Critique – La Troisième main – Arthur Dreyfus – P.O.L.
De tous les livres lus de la rentrée littéraire, « La Troisième main » est certainement l’un des plus insolites.
Victime collatérale du premier conflit mondial, Paul Marchand, quinze ans et l’abdomen transpercé par une balle, se voit greffer une troisième main, ou plutôt un bras, par un médecin fou.
Située au niveau du ventre, elle « appartient » à Hans, un soldat allemand, qui entend bien, grâce à cette « bouture » humaine poursuivre son existence interrompue trop tôt.
Pour sauver son hôte et peut-être aussi pour se venger de sa nouvelle condition et de son passé d’enfant martyrisé, l’appendice tue le démiurge qui le tenait prisonnier.
Devenu assassin par procuration, Paul est obligé de fuir. De l’Allemagne à Paris en passant par la Belgique, il fera des rencontres, surtout féminines, et exercera divers métiers pour lesquels son prolongement lui sera bien utile.
Mais les avantages peuvent se transformer en inconvénients. Conscient que son complément incongru peut choquer par son obscénité, même si certaines âmes éprouvent une fascination sordide à sa vue, Paul, devenu entre-temps Charles Martin, s’acharne à le cacher et à refréner ses velléités d’indépendance, son agressivité, son appétit sexuel et, parfois, sa tendresse envers celui qui l’héberge.
À force de lutter contre cet occupant qui l’a transformé en monstre et qui fait de sa vie un enfer, il s’épuise et frôle la folie.

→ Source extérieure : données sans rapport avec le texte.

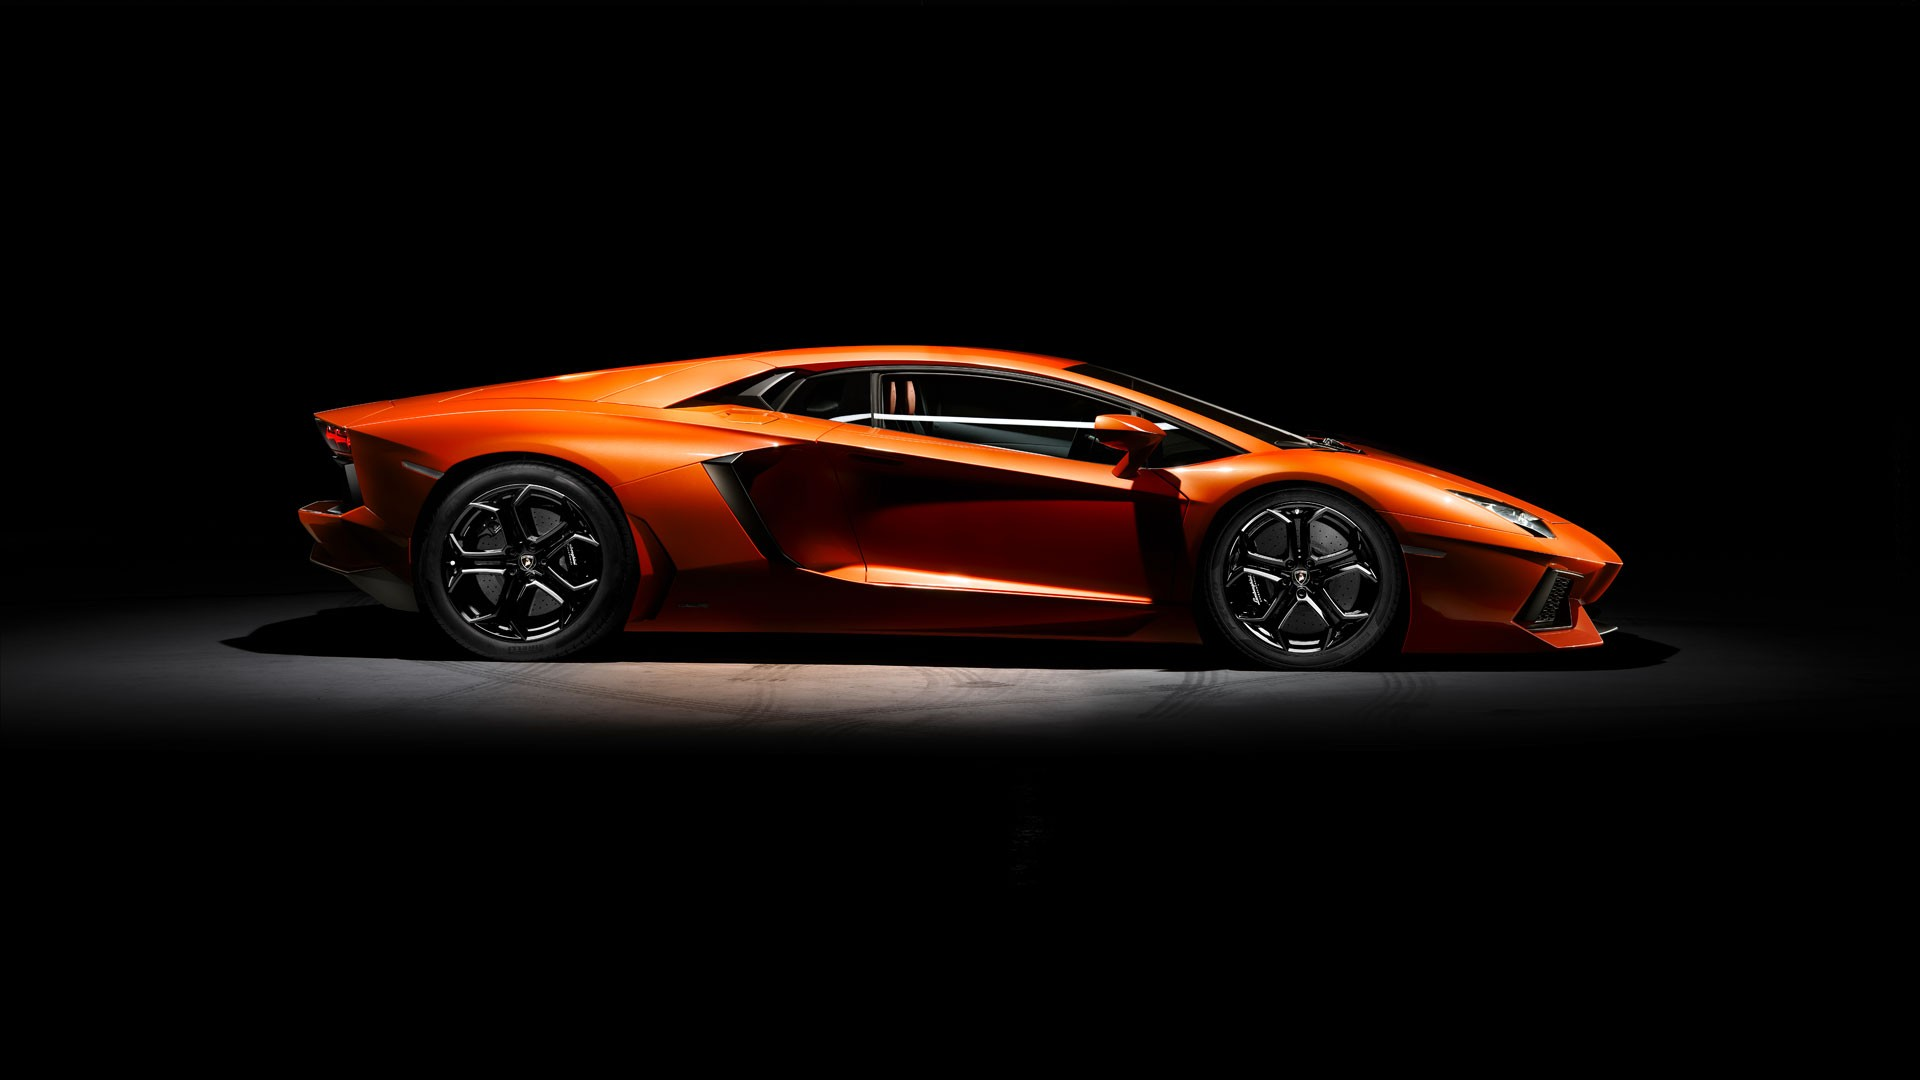 Lamborghini Aventador Side View Wallpaper 66278
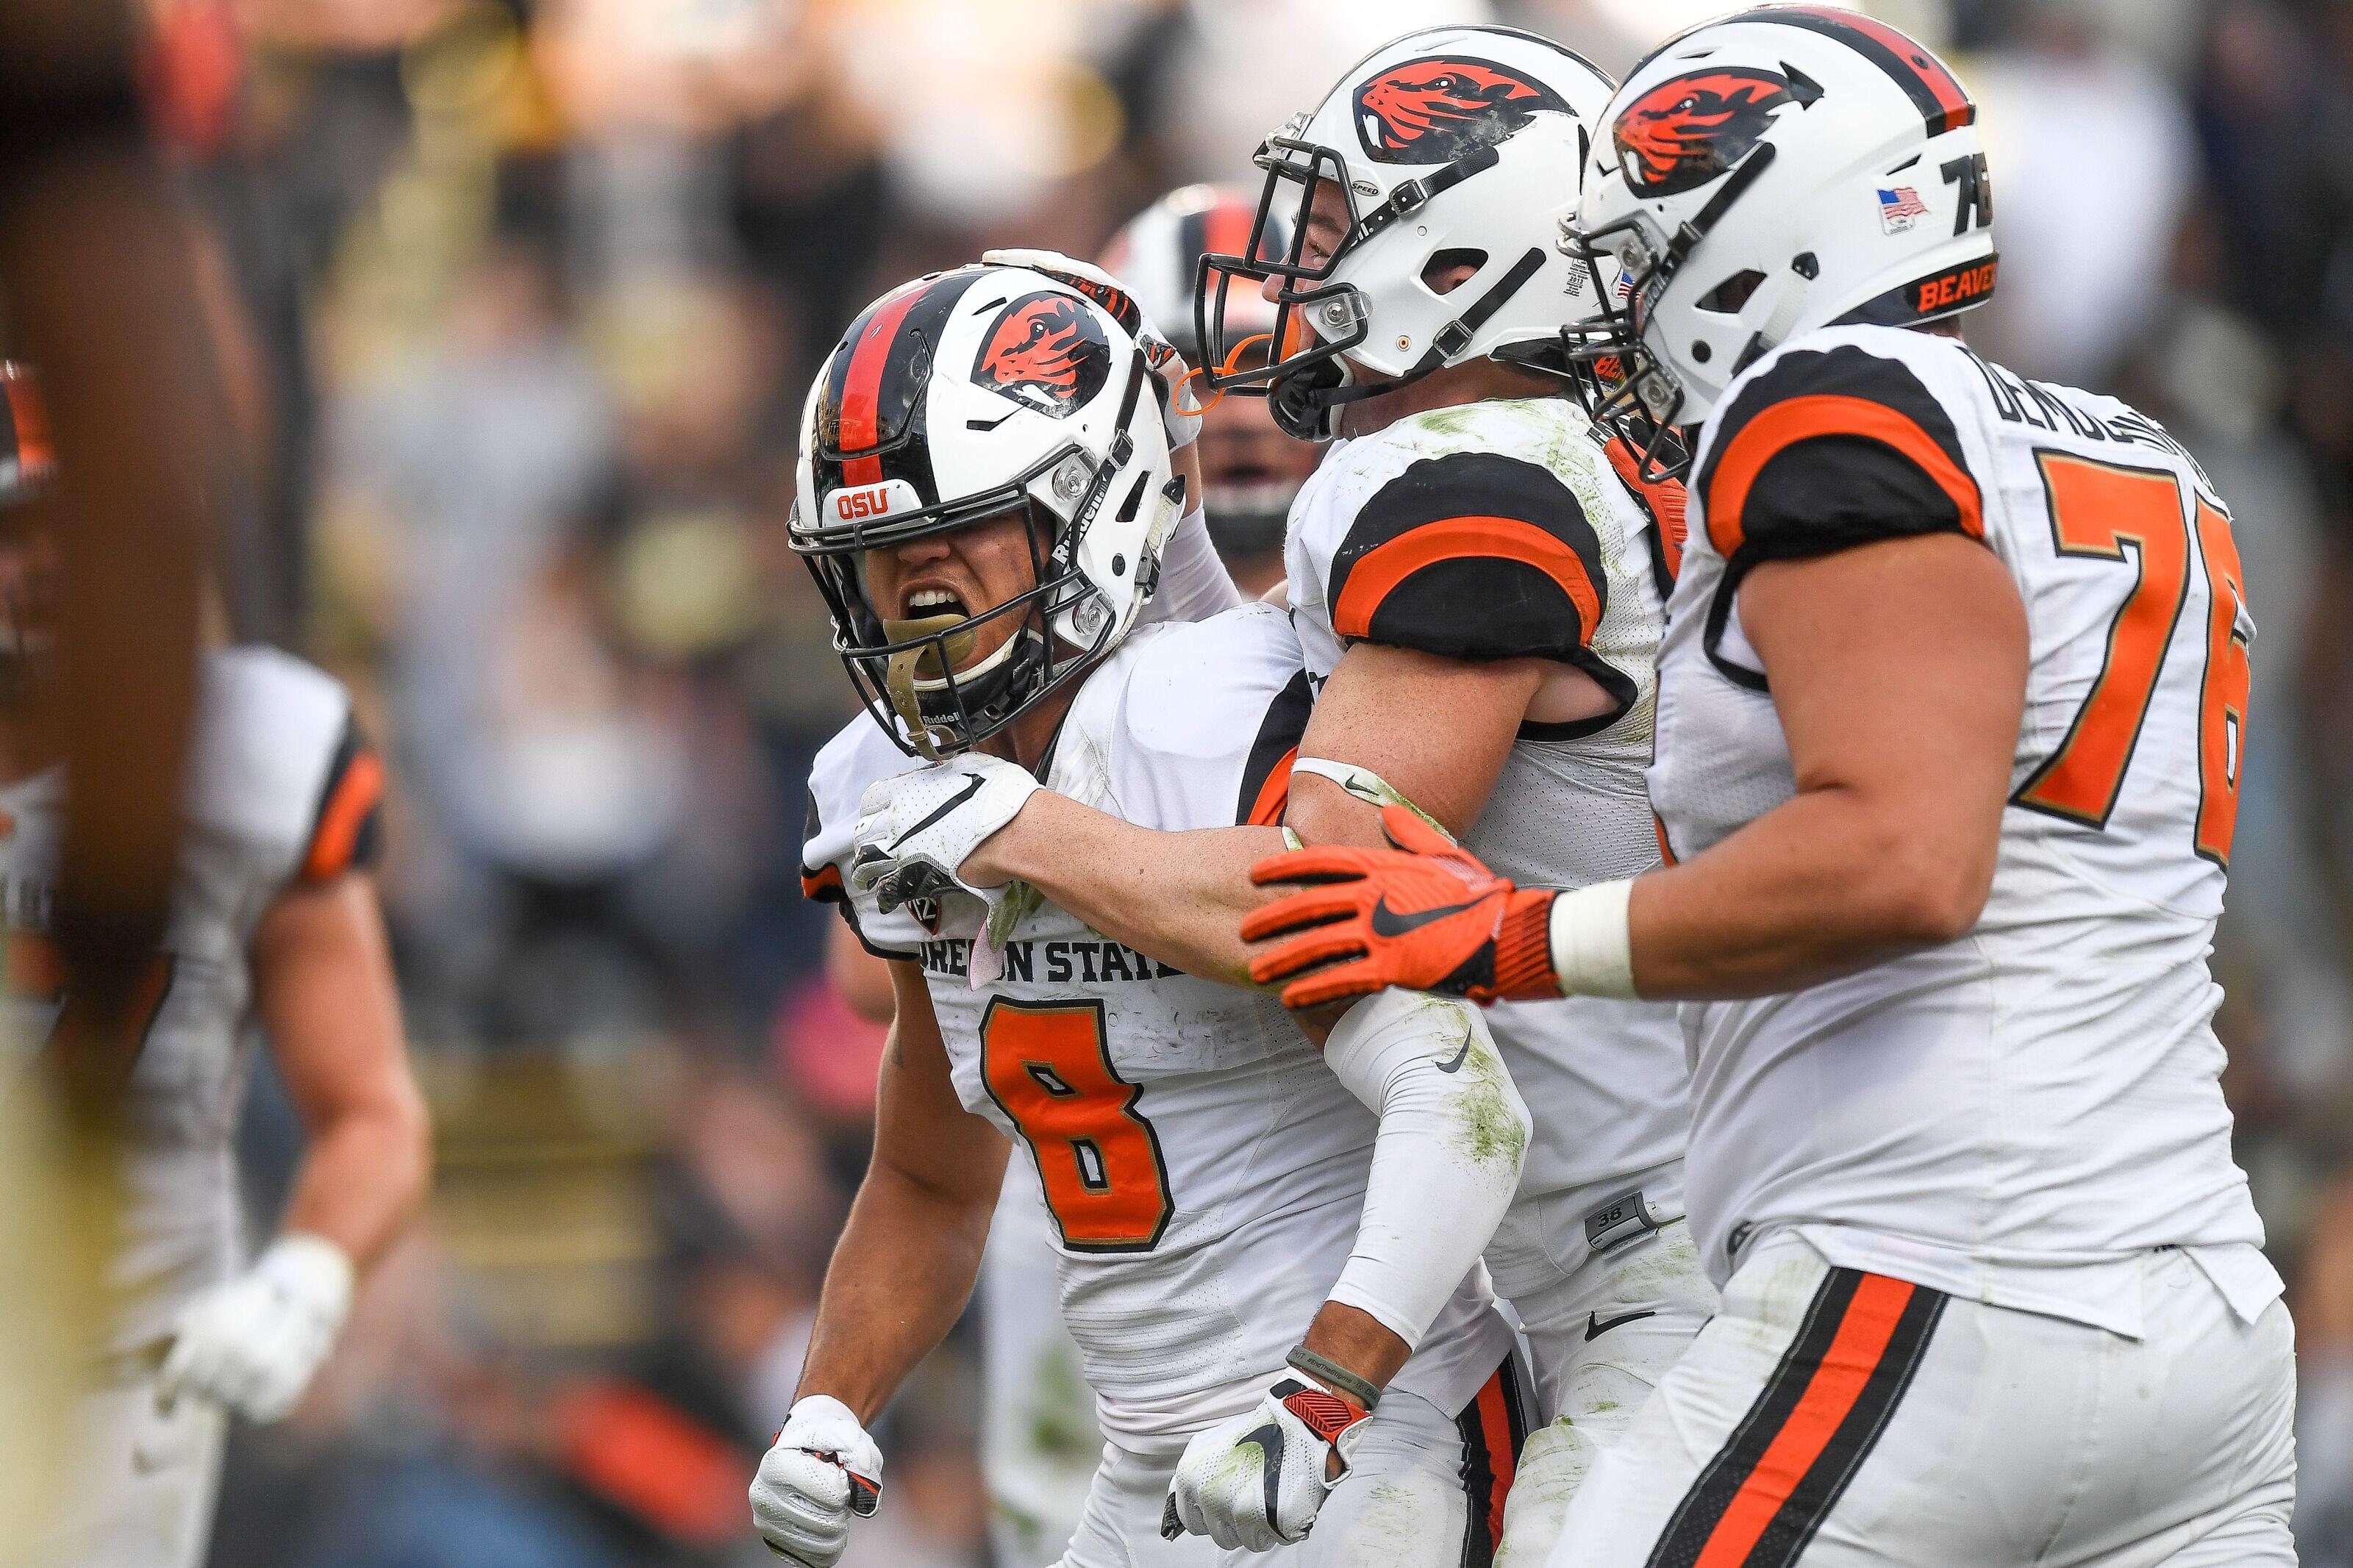 Oregon Football: Ducks Look To Solve Road Woes In Civil War

Si son écriture est parfois artificiellement désuète avec moult emplois de l’imparfait du subjonctif et l’utilisation excessive de trucs stylistiques – stop, pause, arrêt – qui n’apportent rien à la narration, Arthur Dreyfus a composé un roman très réussi, au rythme endiablé, à la fois picaresque et fantastique.
Une belle découverte qui, sous des dehors de farce grotesque, nous parle de l’altérité et de l’acceptation de l’autre.